본문 바로가기
AI & 머신러닝 coding skill

[SEQUENCES, TIME SERIES AND PREDICTION] RNN, LSTM for time series

by 호빵님 2020. 11. 11.
반응형

코세라의   deeplearning.AI tensorflow developer 전문가 자격증 과정내에 Sequences, Time Series and Prediction

과정의 3주차 RNN for time series 챕터의 코드 예제입니다.

 

RNN으로 이전 window의 time series data를 보고 window 바로 직후의 data를 예측한다.

 

import tensorflow as tf
import numpy as np
import matplotlib.pyplot as plt
print(tf.__version__)

def plot_series(time, series, format="-", start=0, end=None):
    plt.plot(time[start:end], series[start:end], format)
    plt.xlabel("Time")
    plt.ylabel("Value")
    plt.grid(True)

def trend(time, slope=0):
    return slope * time

def seasonal_pattern(season_time):
    """Just an arbitrary pattern, you can change it if you wish"""
    return np.where(season_time < 0.4,
                    np.cos(season_time * 2 * np.pi),
                    1 / np.exp(3 * season_time))

def seasonality(time, period, amplitude=1, phase=0):
    """Repeats the same pattern at each period"""
    season_time = ((time + phase) % period) / period
    return amplitude * seasonal_pattern(season_time)

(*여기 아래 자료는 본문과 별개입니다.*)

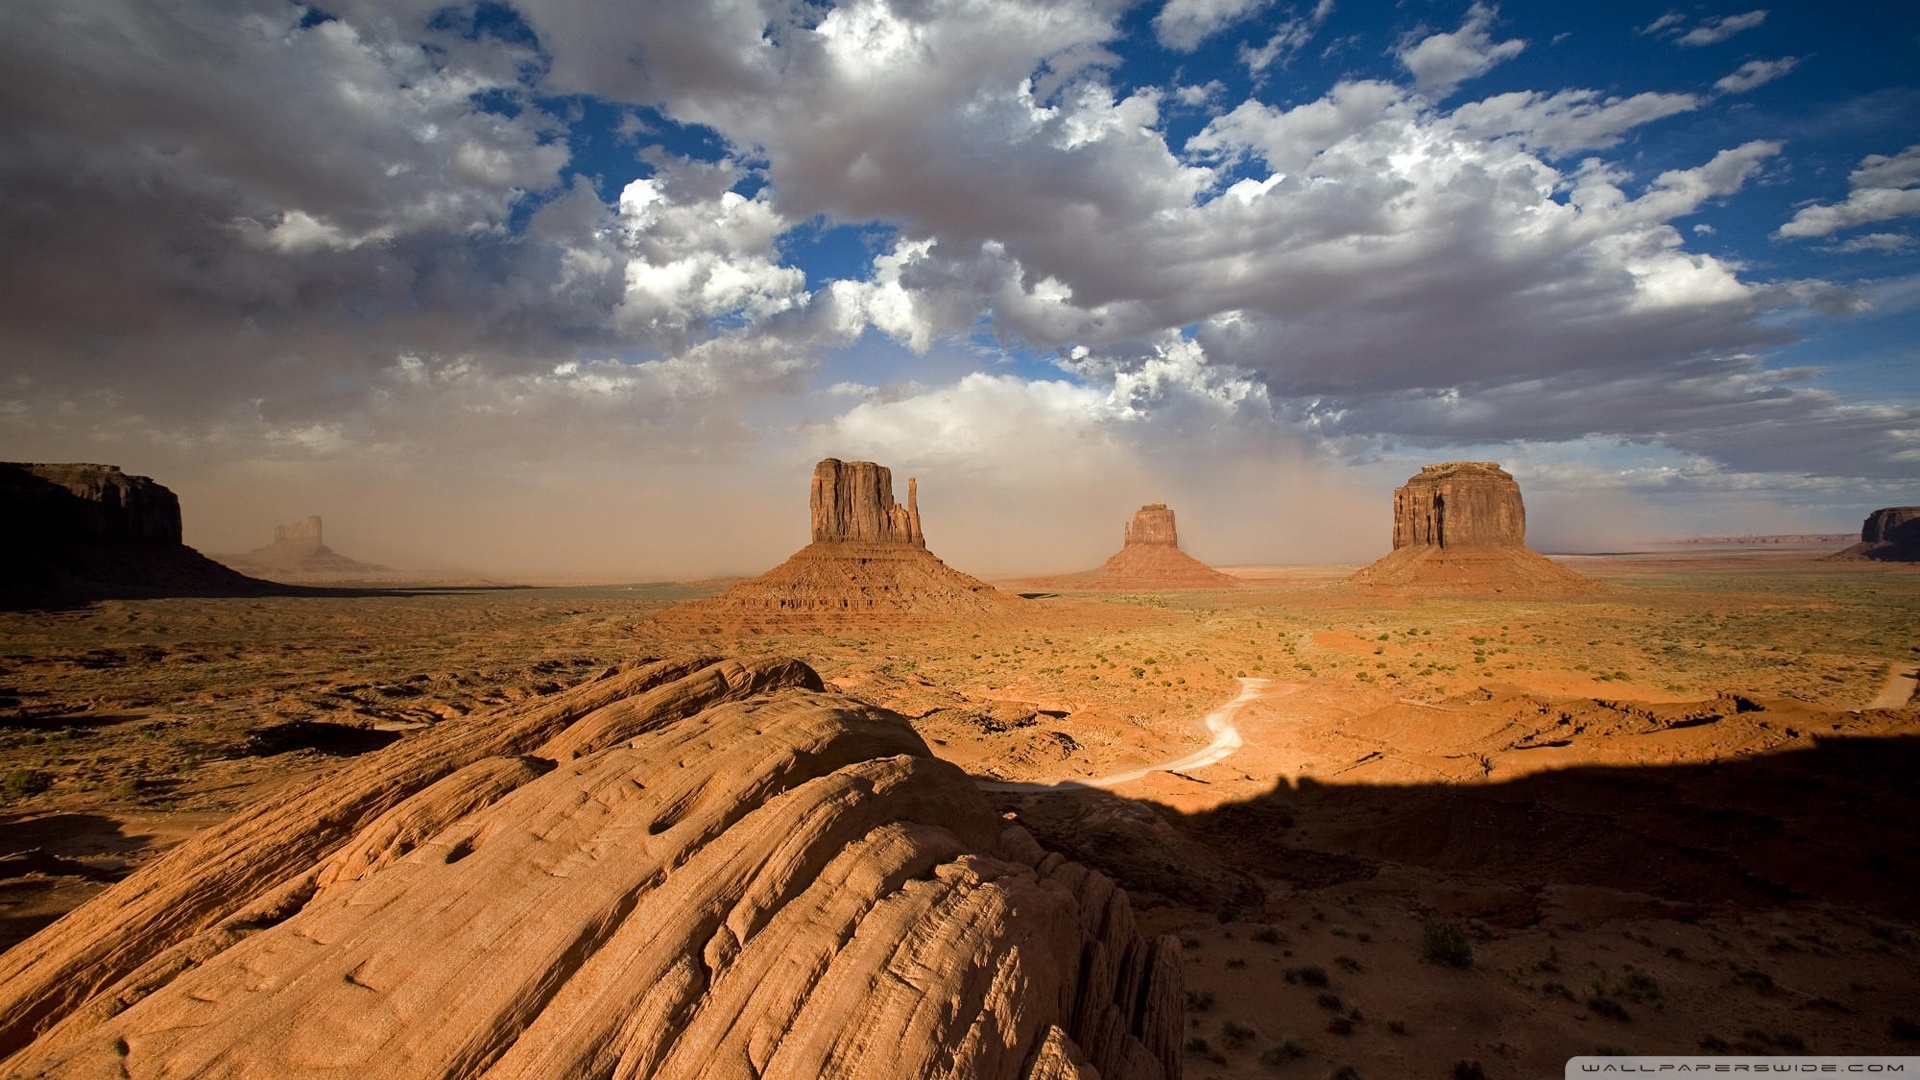  Valley Utah Wallpaper 1920x1080 Sandstorm In Monument Valley Utah 1920x1080

def noise(time, noise_level=1, seed=None):
    rnd = np.random.RandomState(seed)
    return rnd.randn(len(time)) * noise_level

time = np.arange(4 * 365 + 1, dtype="float32")
baseline = 10
series = trend(time, 0.1)  
baseline = 10
amplitude = 40
slope = 0.05
noise_level = 5

# Create the series
series = baseline + trend(time, slope) + seasonality(time, period=365, amplitude=amplitude)
# Update with noise
series += noise(time, noise_level, seed=42)

split_time = 1000
time_train = time[:split_time]
x_train = series[:split_time]
time_valid = time[split_time:]
x_valid = series[split_time:]

window_size = 20
batch_size = 32
shuffle_buffer_size = 1000

def windowed_dataset(series, window_size, batch_size, shuffle_buffer):
  dataset = tf.data.Dataset.from_tensor_slices(series)
  dataset = dataset.window(window_size + 1, shift=1, drop_remainder=True)
  dataset = dataset.flat_map(lambda window: window.batch(window_size + 1))
  dataset = dataset.shuffle(shuffle_buffer).map(lambda window: (window[:-1], window[-1]))
  dataset = dataset.batch(batch_size).prefetch(1)
  return dataset

tf.keras.backend.clear_session()
tf.random.set_seed(51)
np.random.seed(51)

train_set = windowed_dataset(x_train, window_size, batch_size=128, shuffle_buffer=shuffle_buffer_size)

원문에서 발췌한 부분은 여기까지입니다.